▸ **MATERIAL PROVIDED**
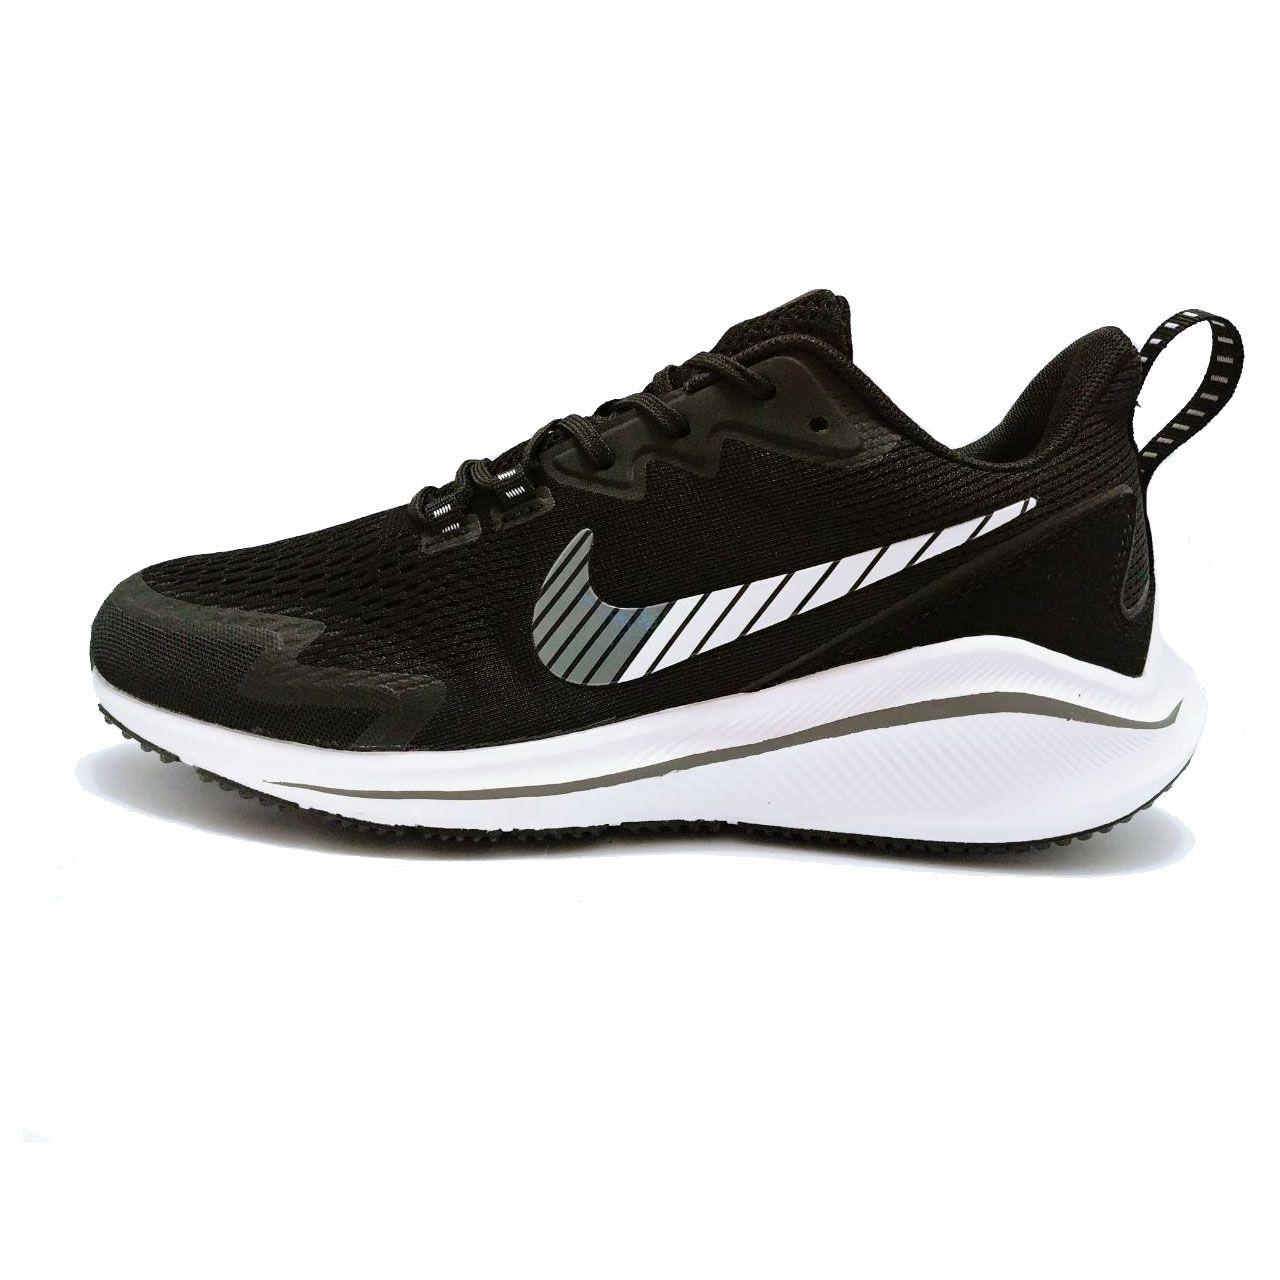 قیمت کفش مخصوص پیاده روی مردانه نایکی مدل air zoom vomero
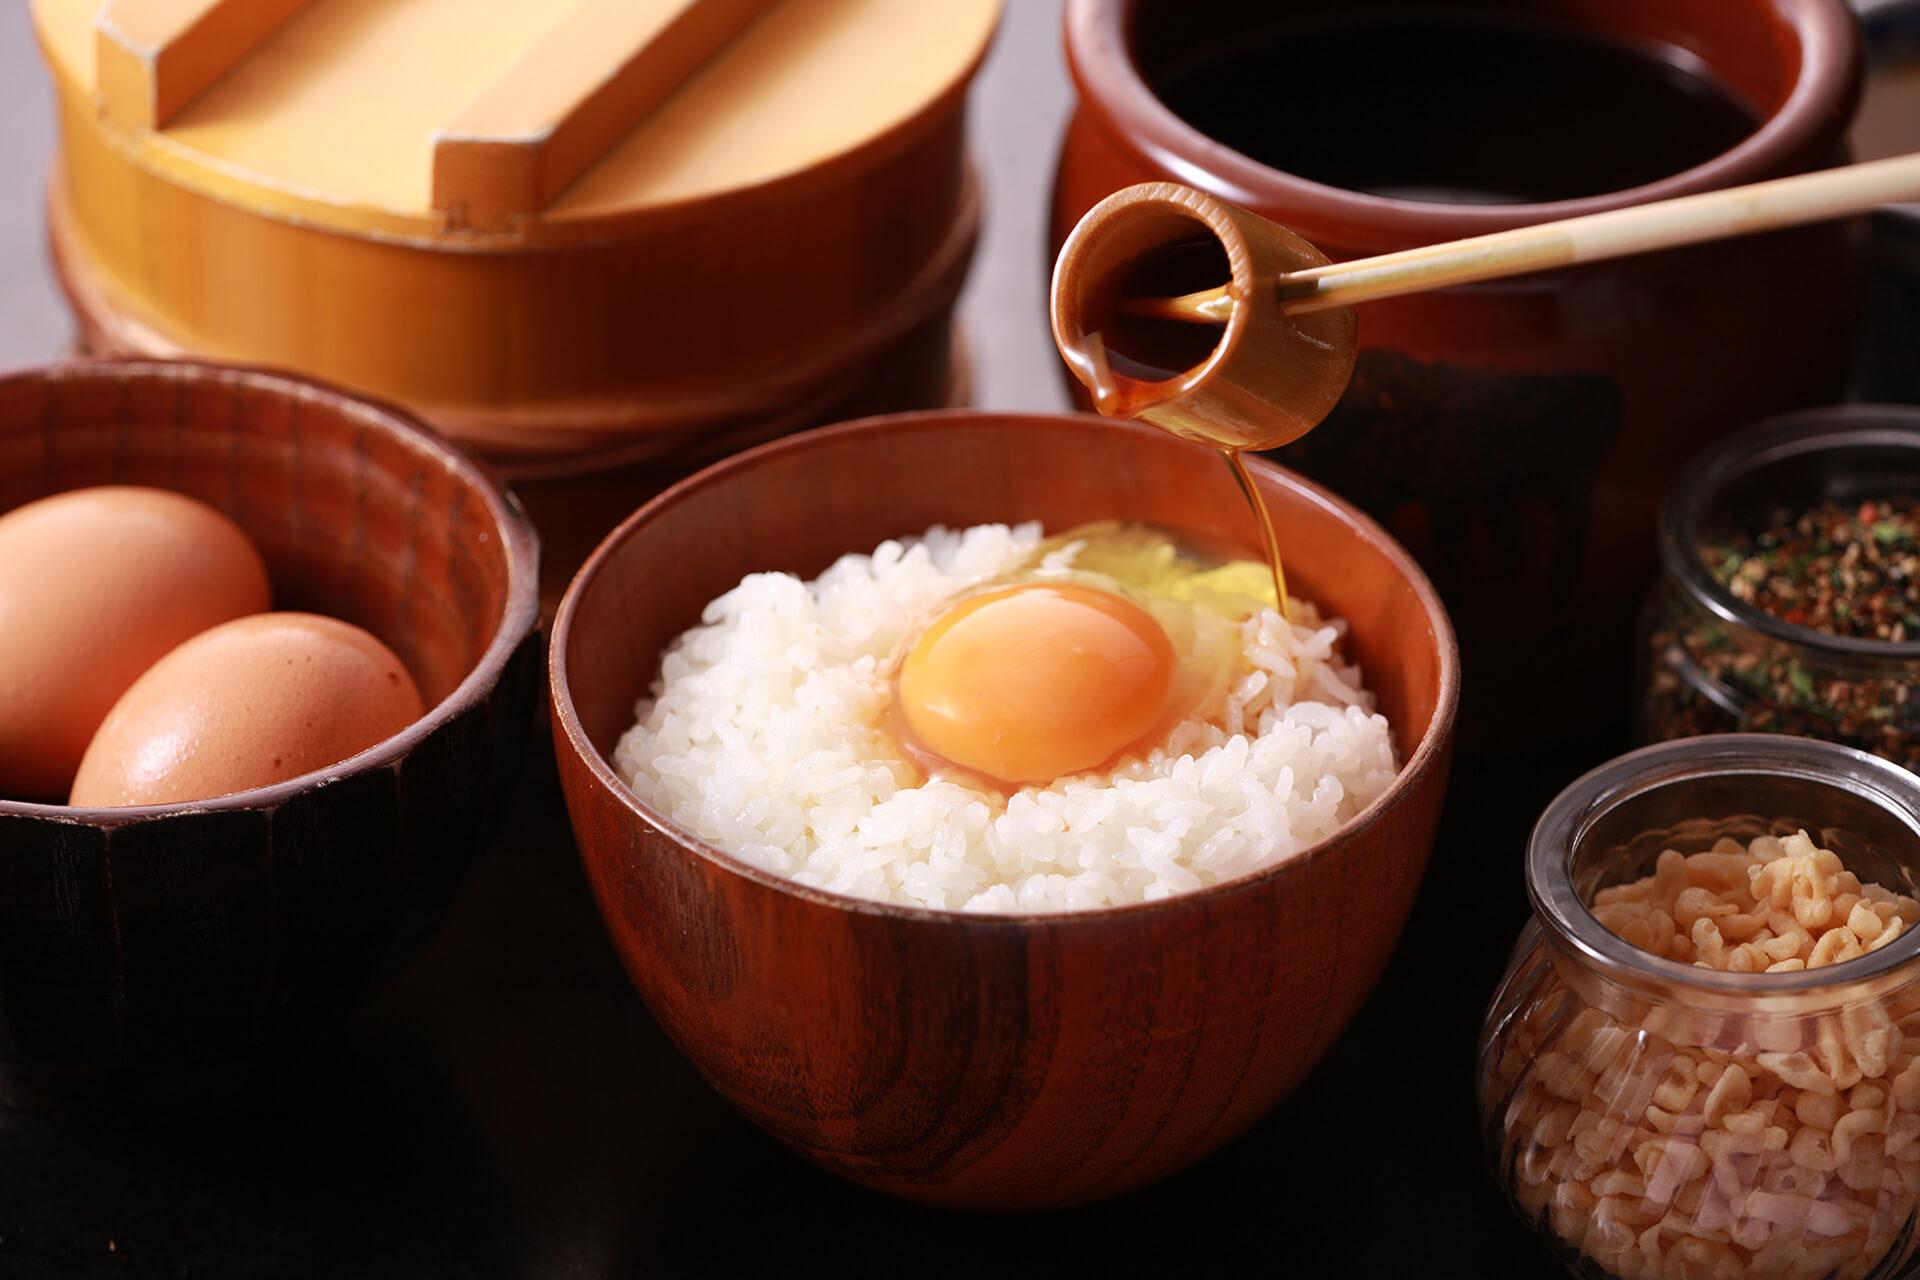 この写真は、東急百貨店吉祥寺店3階で開催される『卵かけご飯』イベントのイメージ。提供されるたまごかけご飯の様子です
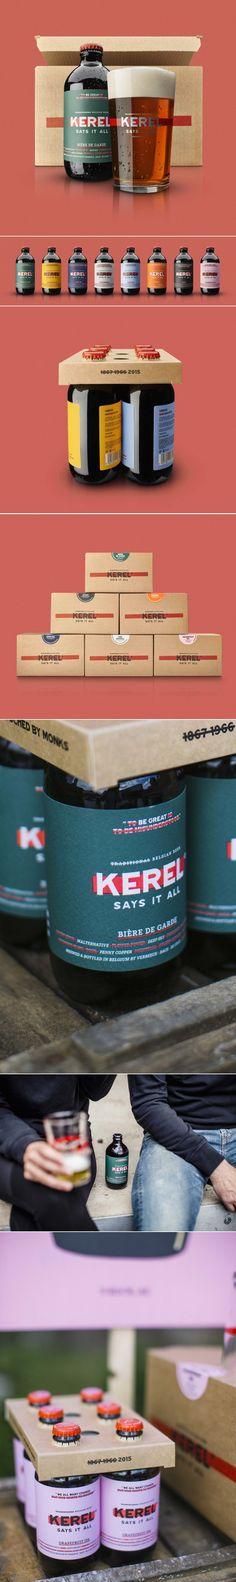 This Historic Belgian Beer Gets a Sleek Modern Update — The Dieline | Packaging & Branding Design & Innovation News

▸ **EXERCISE DIRECTIONS**
When you retype the material above, copy each line exactly and drop whatever images appear in it.

▸ **ANSWER TO THE EXERCISE**
 قیمت کفش مخصوص پیاده روی مردانه نایکی مدل air zoom vomero
 この写真は、東急百貨店吉祥寺店3階で開催される『卵かけご飯』イベントのイメージ。提供されるたまごかけご飯の様子です
 This Historic Belgian Beer Gets a Sleek Modern Update — The Dieline | Packaging & Branding Design & Innovation News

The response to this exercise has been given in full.